The Low Income Networking and Communications Project (www.lincproject.org) is another nationally recognized organization that helps low-income grassroots groups implement technology by sending circuit riders to each group's site to guide and assist with implementation. Their Technology Toolkit includes the "Operating Systems Choosing Guide" that is both brief and fairly helpful. It actually includes a list of several GNU/Linux distributions that most of us would recommend, although they should definitely add Ubuntu to the list. One of the most useful tools they offer is the set of worksheets that an organization can use to help walk themselves (to some extent) through the necessary steps of planning their technology infrastructure.

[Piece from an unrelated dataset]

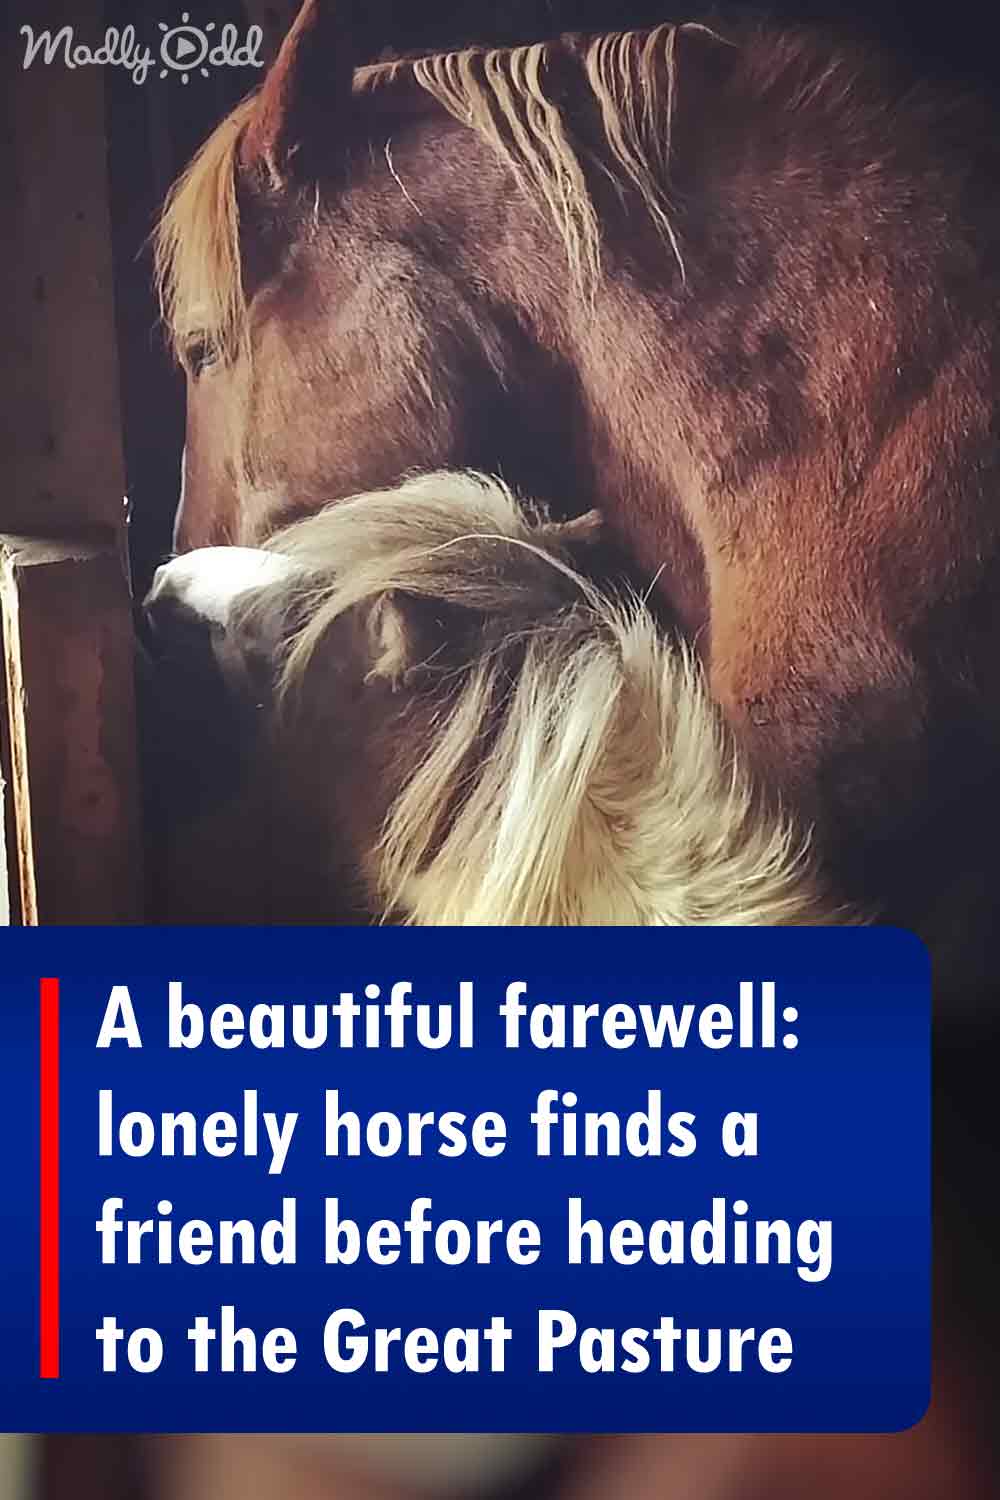 A beautiful farewell: lonely horse finds a friend before heading to the Great Pasture

All of these groups are involved in the Non-Profit Open Source Initiative (www.nosi.net), which has been around since 2001. Essentially, a number of non-profit sector technology assistance providers saw the benefits of lbre software for the organizations they serve and began collaborating via e-mail. In the first month, NOSI's e-mail list membership grew to 70. By the end of 2002 they had over 200 members subscribing to the list. NOSI's Open Source Cyber Cafe is a traveling booth, consisting of laptops running GNU/Linux, that allows non-profit decsion-makers to check their e-mail and print documents, thus getting a tour of GNU/Linux and discovering other libre software programs in a most useful way. NOSI has developed an introductory guide, The Open Source Primer, to help non-profit organizations understand libre software.
These are the primary organizations that specialize in helping the non-profit community learn about libre software. You may find others as you explore the community. You'll be able to expand your personal network of non-profit technology resources and find the software and help you need for developing and improving your organization's technology infrastructure. For those of you who serve non-profits as consultants, you will surely find these groups to be vital resources for helping you serve your clients. If you think of non-profit IT as a real adventure, you now have plenty of guides to see you through! Bon voyage!